* [Your goal] A word-for-word restatement of all the records is the required answer.

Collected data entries
_____
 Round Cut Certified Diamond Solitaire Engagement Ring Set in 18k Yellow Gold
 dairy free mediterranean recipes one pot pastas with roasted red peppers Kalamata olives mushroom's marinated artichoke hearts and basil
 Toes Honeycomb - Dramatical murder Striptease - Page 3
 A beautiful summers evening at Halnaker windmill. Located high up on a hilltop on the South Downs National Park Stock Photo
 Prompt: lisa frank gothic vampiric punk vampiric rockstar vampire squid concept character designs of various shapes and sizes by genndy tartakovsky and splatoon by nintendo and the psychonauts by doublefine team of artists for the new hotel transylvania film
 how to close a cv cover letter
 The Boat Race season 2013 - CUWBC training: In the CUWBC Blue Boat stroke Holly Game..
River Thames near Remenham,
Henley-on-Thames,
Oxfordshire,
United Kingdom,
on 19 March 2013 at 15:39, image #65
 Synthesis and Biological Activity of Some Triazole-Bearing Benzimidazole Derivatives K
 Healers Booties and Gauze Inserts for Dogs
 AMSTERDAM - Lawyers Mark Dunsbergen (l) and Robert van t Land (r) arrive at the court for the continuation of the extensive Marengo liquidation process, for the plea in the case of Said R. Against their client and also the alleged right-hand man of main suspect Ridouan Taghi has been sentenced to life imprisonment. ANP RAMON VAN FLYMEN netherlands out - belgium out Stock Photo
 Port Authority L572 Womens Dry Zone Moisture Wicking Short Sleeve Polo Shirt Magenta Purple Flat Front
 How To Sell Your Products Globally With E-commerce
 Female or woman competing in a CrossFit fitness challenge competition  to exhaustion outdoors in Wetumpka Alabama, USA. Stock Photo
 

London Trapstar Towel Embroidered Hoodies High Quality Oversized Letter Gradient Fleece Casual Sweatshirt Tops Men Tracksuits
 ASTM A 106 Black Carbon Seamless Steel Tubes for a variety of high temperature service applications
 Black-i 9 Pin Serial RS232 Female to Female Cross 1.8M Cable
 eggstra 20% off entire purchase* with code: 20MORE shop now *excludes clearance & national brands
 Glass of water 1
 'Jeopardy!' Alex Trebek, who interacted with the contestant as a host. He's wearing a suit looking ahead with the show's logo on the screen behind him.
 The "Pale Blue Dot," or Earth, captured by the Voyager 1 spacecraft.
_____
* [Solution below]
 Round Cut Certified Diamond Solitaire Engagement Ring Set in 18k Yellow Gold
 dairy free mediterranean recipes one pot pastas with roasted red peppers Kalamata olives mushroom's marinated artichoke hearts and basil
 Toes Honeycomb - Dramatical murder Striptease - Page 3
 A beautiful summers evening at Halnaker windmill. Located high up on a hilltop on the South Downs National Park Stock Photo
 Prompt: lisa frank gothic vampiric punk vampiric rockstar vampire squid concept character designs of various shapes and sizes by genndy tartakovsky and splatoon by nintendo and the psychonauts by doublefine team of artists for the new hotel transylvania film
 how to close a cv cover letter
 The Boat Race season 2013 - CUWBC training: In the CUWBC Blue Boat stroke Holly Game..
River Thames near Remenham,
Henley-on-Thames,
Oxfordshire,
United Kingdom,
on 19 March 2013 at 15:39, image #65
 Synthesis and Biological Activity of Some Triazole-Bearing Benzimidazole Derivatives K
 Healers Booties and Gauze Inserts for Dogs
 AMSTERDAM - Lawyers Mark Dunsbergen (l) and Robert van t Land (r) arrive at the court for the continuation of the extensive Marengo liquidation process, for the plea in the case of Said R. Against their client and also the alleged right-hand man of main suspect Ridouan Taghi has been sentenced to life imprisonment. ANP RAMON VAN FLYMEN netherlands out - belgium out Stock Photo
 Port Authority L572 Womens Dry Zone Moisture Wicking Short Sleeve Polo Shirt Magenta Purple Flat Front
 How To Sell Your Products Globally With E-commerce
 Female or woman competing in a CrossFit fitness challenge competition  to exhaustion outdoors in Wetumpka Alabama, USA. Stock Photo
 

London Trapstar Towel Embroidered Hoodies High Quality Oversized Letter Gradient Fleece Casual Sweatshirt Tops Men Tracksuits
 ASTM A 106 Black Carbon Seamless Steel Tubes for a variety of high temperature service applications
 Black-i 9 Pin Serial RS232 Female to Female Cross 1.8M Cable
 eggstra 20% off entire purchase* with code: 20MORE shop now *excludes clearance & national brands
 Glass of water 1
 'Jeopardy!' Alex Trebek, who interacted with the contestant as a host. He's wearing a suit looking ahead with the show's logo on the screen behind him.
 The "Pale Blue Dot," or Earth, captured by the Voyager 1 spacecraft.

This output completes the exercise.